唇をギュッと結んだリヴィンに、花京院は畳み掛けてくる。
「何を隠しているんです?」
「い、言えない」
「リヴィン」
「言わない!」
両手でピッタリと口を塞ぎ、徹底抗戦の構えを取る。サングラス越しに花京院を睨みつけるが、花京院は肩をすくめて言葉を続けた。
「まったく、嘘をつけないのにどうして隠し事なんかするんですか。ここで言えなくても隠していることは分かっているんです、すぐにバレますよ」
分かっている。それでも、特に花京院とポルナレフにだけはバレたくなかったことだ。リヴィンは口から手をどけることなく、花京院が先に折れるのをひたすら待つ。
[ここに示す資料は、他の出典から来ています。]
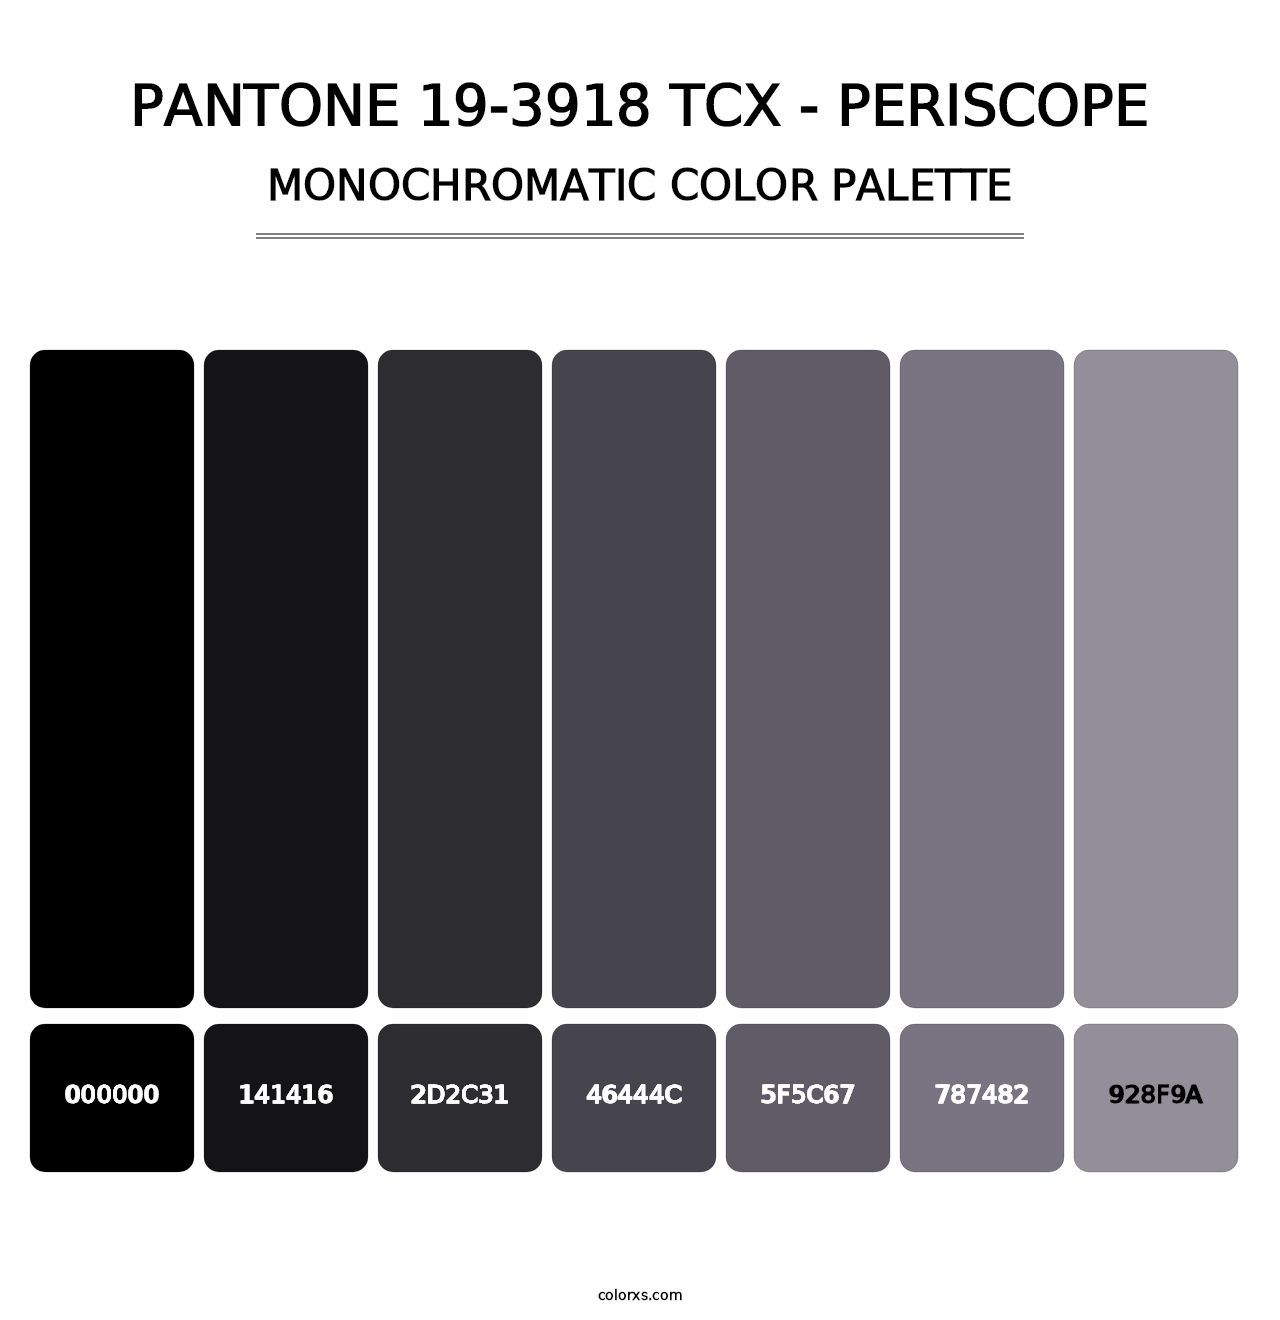 PANTONE 19-3918 TCX - Periscope - Monochromatic Color Palette

「そもそもおかしいんですよ、君は姿を晒すのが嫌なのにこういう格好をしてまで来るだなんて。僕は君がいつものような格好できてもチップや話術で誤魔化そうとしてたんですよ。……『変装』を、する必要があったんじゃあないですか」
どうですかと言わんばかりの視線を受けたが、リヴィンは動かずに花京院を見つめるだけだ。その花京院は右手を左腕にやり、人差し指でトンと腕を叩いた。
「承太郎の結婚式についてもそうだ。いようと思えば君は結婚式にいれたはずですし、実際近くに来ていた。それでも姿を現さなかったのは、承太郎に言い訳した理由以外のものがあったんでしょう」
どんどん追い詰められていく。だがここで物理的に逃げても後々詰められるだけだ。リヴィンは姿勢を解かずに黙り続ける。
「最近アヴドゥルの方に来るDIO信者の襲撃がなくなってるそうです。リヴィンの方はどうですか?」
「……撃退してる」
ここで黙っていたら余計に勘繰られる。言わない方が逆におかしく思われるだろう。指と指の間を空けて一言だけ返すと、花京院はひとつ頷いてから話をしていく。
「それならおかしいですね、財団の方に襲撃犯を連行したと連絡が入っていないようですけれど」
「確認したのかい!?」
わざわざそんなところまで確認したとは思ってもみなくて目を見開くと、意地悪そうな笑みを浮かべてこう言った。
「そうですよ。で、何をしているんです? 僕達は仲間なんですから、力を合わせて解決しなくちゃいけない。映画だって、そうだったじゃないですか」
「それは、あくまで創作の話であり現実には関係なくて……」
「リヴィン、あの映画は大ヒットしているんです。つまり、人間はそういう結末を好んでいるってことですよ。……分かりませんか?」
花京院もそれを望んでいる、ということだろう。リヴィンはかっくりと肩を落として、逆に折れさせられたことを自覚した。襲撃について嘘をつけなかった時点で、もう逃げることは不可能だ。
「分かったよ……。話す、話すから」
思わず頭を両手で抱えた。本当に知られたくなかったのだ。
きっと、嫌われてしまうだろうから。